Judiciary: 1/10/06, 1/18/06 [DP].

Floor Activity:

Passed House: 2/7/06, 97-1.

Brief Summary of Bill
  • Allows property to remain in a custodianship under the Uniform Transfers to Minors Act (UTMA) until a "minor" has reached age 25, instead of age 21;
  • Raises from 14 years old to 18 years old the minimum age of minors who may make certain decisions independently under the UTMA.


HOUSE COMMITTEE ON JUDICIARY

Majority Report: Do pass. Signed by 9 members: Representatives Lantz, Chair; Williams, Vice Chair; Priest, Ranking Minority Member; Rodne, Assistant Ranking Minority Member; Campbell, Kirby, Serben, Springer and Wood.

Minority Report: Without recommendation. Signed by 1 member: Representative Flannigan, Vice Chair.

Staff: Bill Perry (786-7123).

Background:

A person may wish to transfer property to a minor, but for legal or other reasons the immediate transfer of the property directly to the minor may not be possible or desirable.

In 1959, Washington adopted the Uniform Gifts to Minors Act. In 1991, that act was replaced by The Uniform Transfers to Minors Act (UTMA) which has remained largely unchanged since then.

The UTMA allows a person to transfer property irrevocably to a minor with the property being held by a custodian nominated by the transferor. The custodianship of the property lasts until the earlier of the minor's death or 21st birthday, or for some types of transfers until the minor reaches age 18. A transfer under the UTMA may be made either by a gift or through a power of appointment. During the custodianship, the custodian may spend as much of the property for the benefit of the minor as the custodian considers advisable. The custodian is also entitled to reimbursement for reasonable expenses incurred. At the end of the custodianship, any remaining property goes to the minor or the minor's estate.

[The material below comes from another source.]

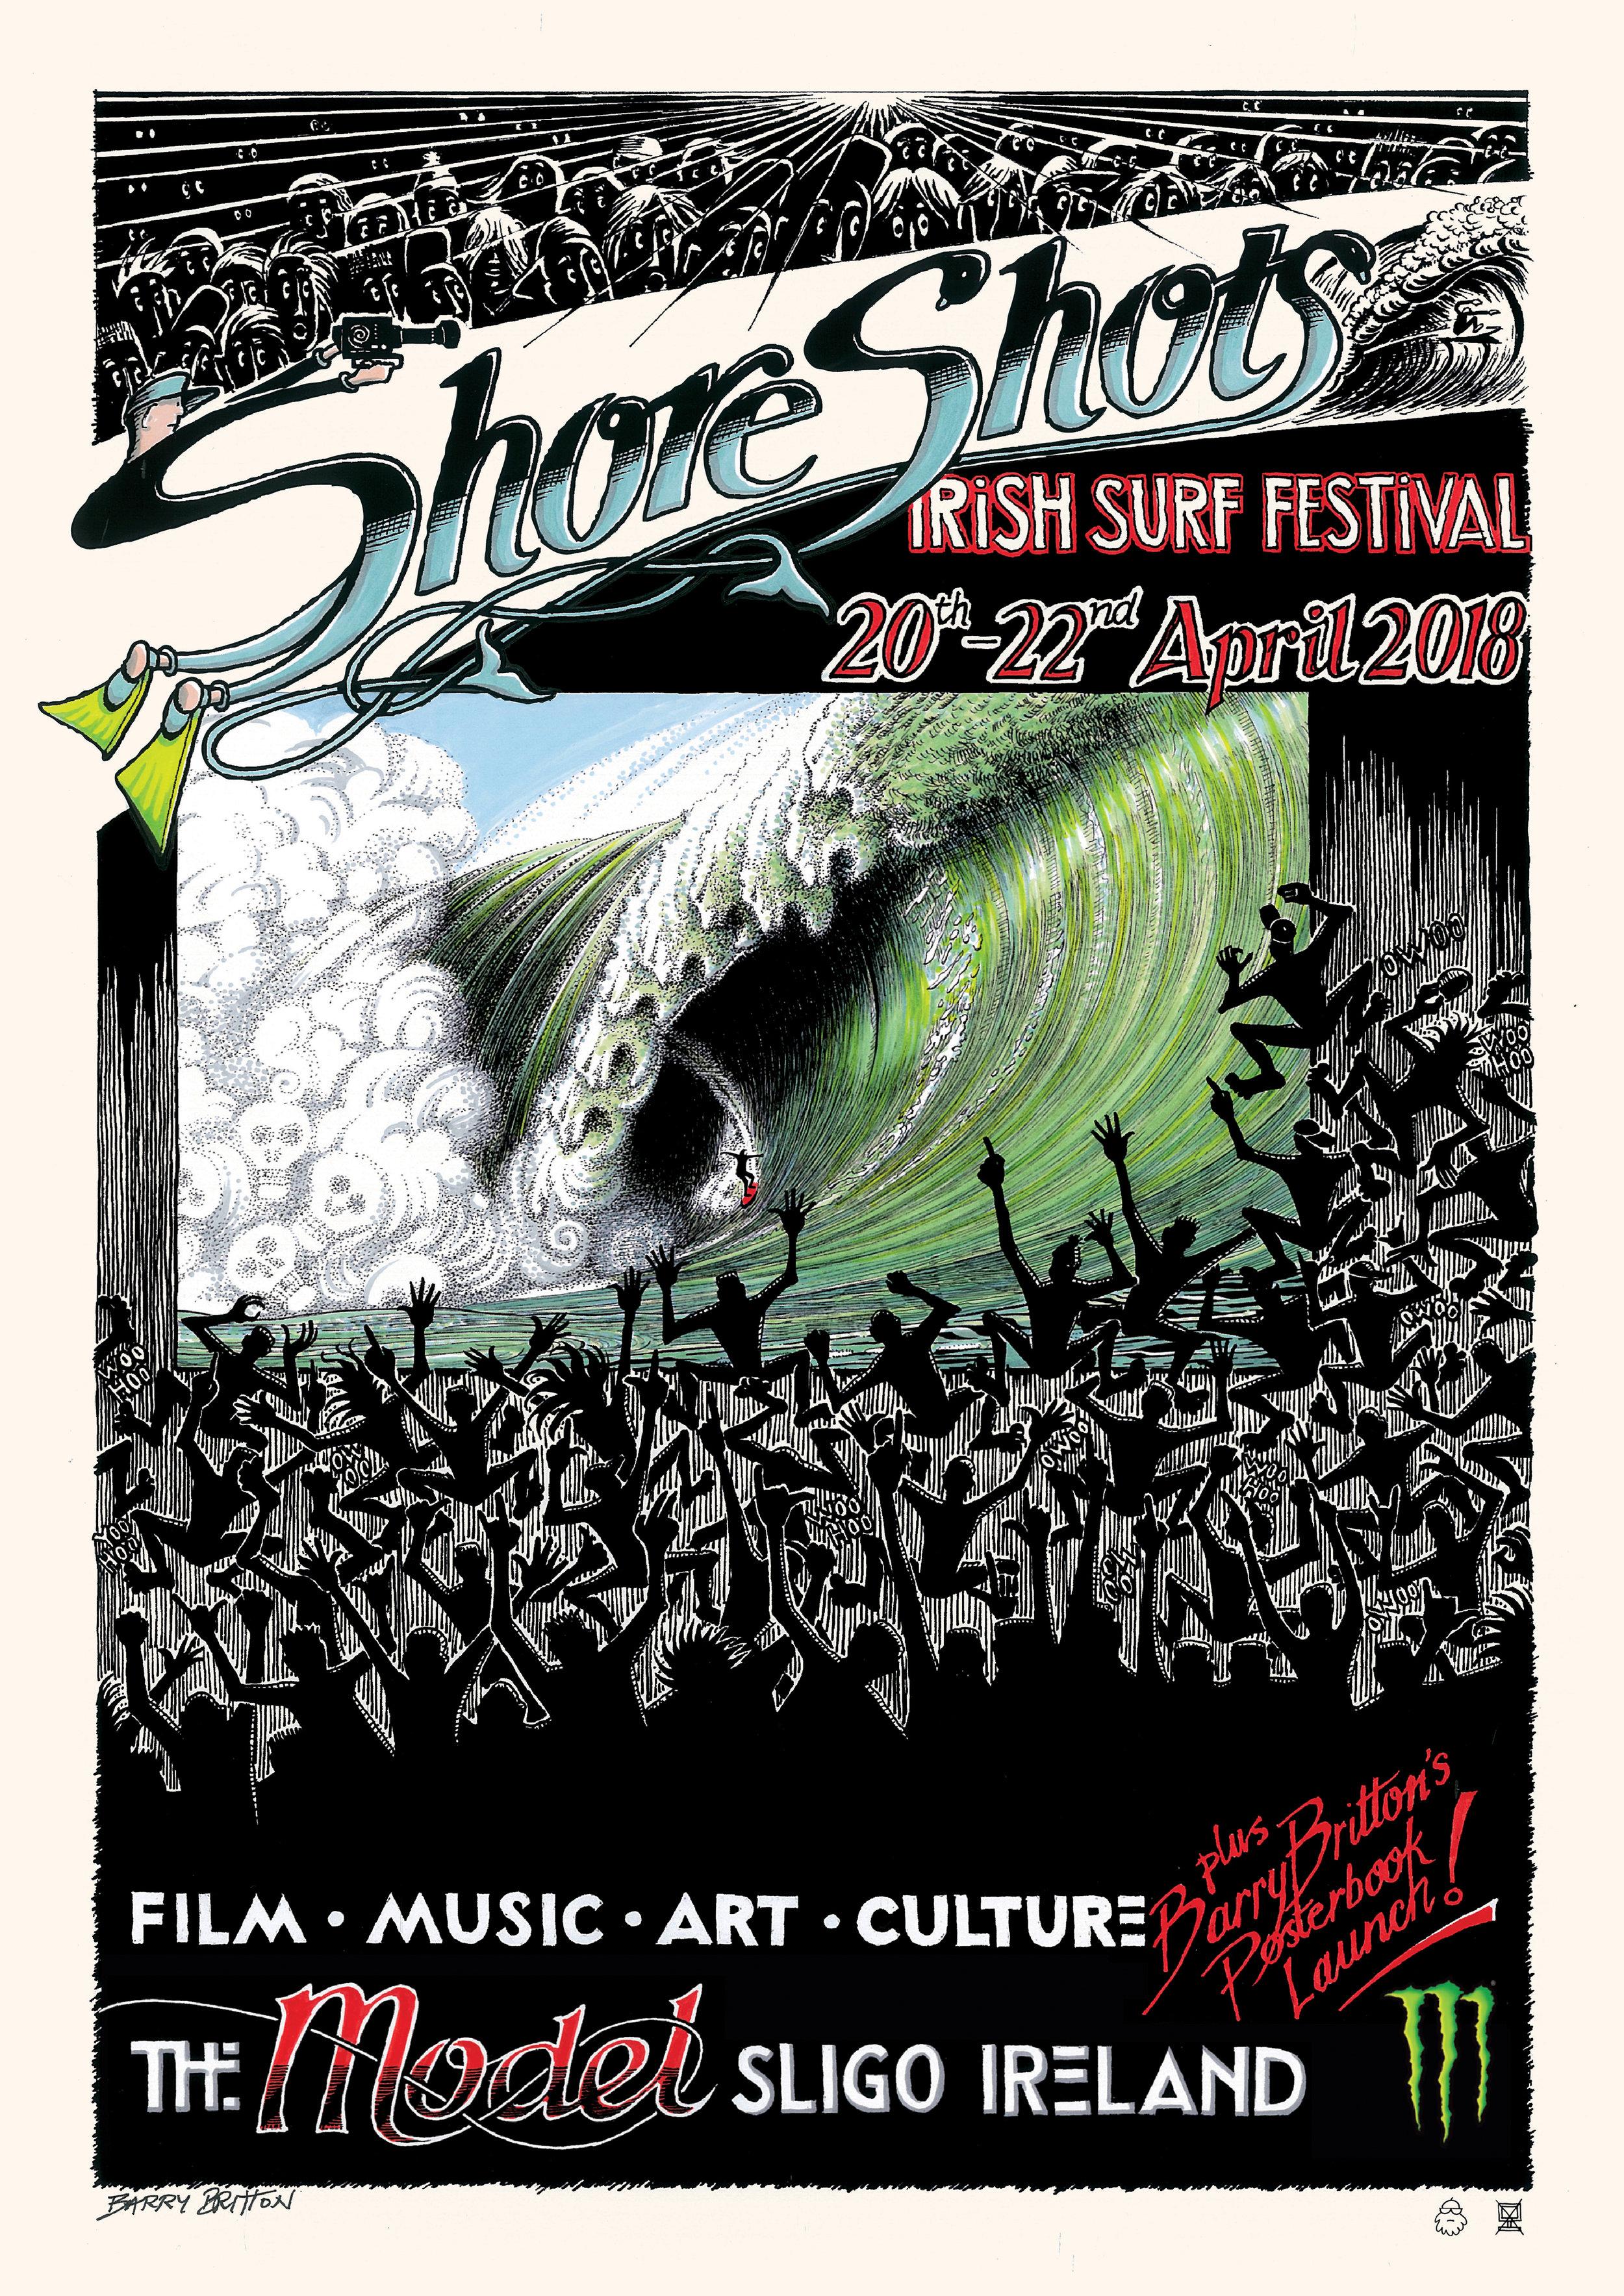 Shore Shots Poster_A3 SIZE.jpg
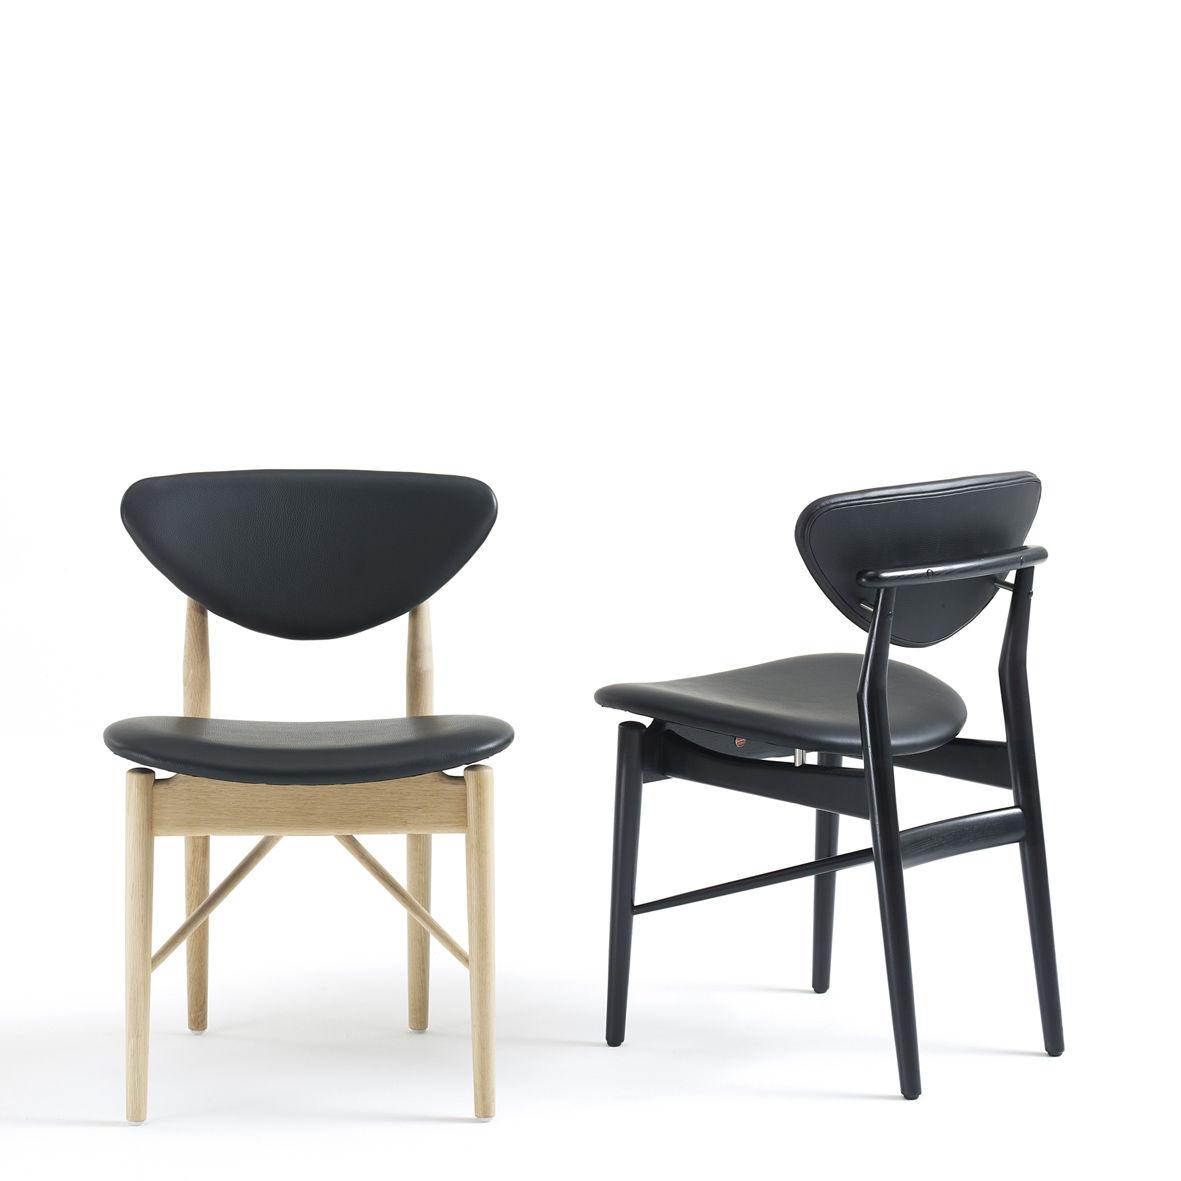 Scandinavian design chair   fabric   oak   leather 108 ONE COLLECTION   Scandinavian design chair   fabric   oak   leather   108   ONE  . Finn Juhl Chair 108. Home Design Ideas

Under federal tax law, a person is allowed to make certain individual gifts without incurring federal tax liability. One of the requirements for qualifying for this tax exemption is that the gift must be of a "present interest" in the property given. A transfer of property to custodianship under the UTMA will not be disqualified as a "future interest" so long as the minor for whom the property is being held will receive the property before the age of 21.

During the custodianship of property transferred under the UTMA, the interests of the minor are protected by certain rights with respect to the management of the property. At age 14 the minor may exercise some of these rights independently. These age-affected rights include:


Summary of Bill:

At the election of the transferor, the custodianship of property under The Uniform Transfers to Minors Act (UTMA) may be extended until the "minor" reaches age 25, instead of age 21. Such an extension must be elected by the transferor at the time of the initial nomination of the custodian of the property. Such extensions are available only for transfers of property made on or after July 1, 2007.

The statutory sample instrument for transfers under the UTMA is amended to include a warning statement about the possible federal gift tax consequences of extending a custodianship beyond the minor's 21st birthday. Any custodianship forms made available by financial institutions or investment advisers must contain the same warning.

The age at which a minor may independently exercise certain rights under a UTMA custodianship is raised from 14 years old to 18 years old.


Appropriation: None.

Fiscal Note: Not requested.

Effective Date: The bill takes effect on July 1, 2007.

Testimony For: Allowing the option of extending a custodianship until a minor reaches age 25 gives people more flexibility. Custodianships are less expensive and less complex than trusts are and can be an important tool for people with more modest estates. The bill provides warnings about the possible tax consequences of extending a custodianship, but in many cases the real tax effect would be zero anyway.

Increasing the minimum age at which a minor can independently exercise rights under a custodianship is appropriate. It is usually in the best interest of the minor and the custodianship for the minor to have adult supervision until age 18. This is particularly true with respect to the ability to appoint a new custodian. For most other important legal purposes, a person does not gain adult authority until age 18. A minor under age 18 will continue to be able to petition a court for a special representative to protect his or her rights under the custodianship.

Testimony Against: None.

Persons Testifying: Luke E. Thomas; and Al Falk, Washington State Bar Association.

Persons Signed In To Testify But Not Testifying: None.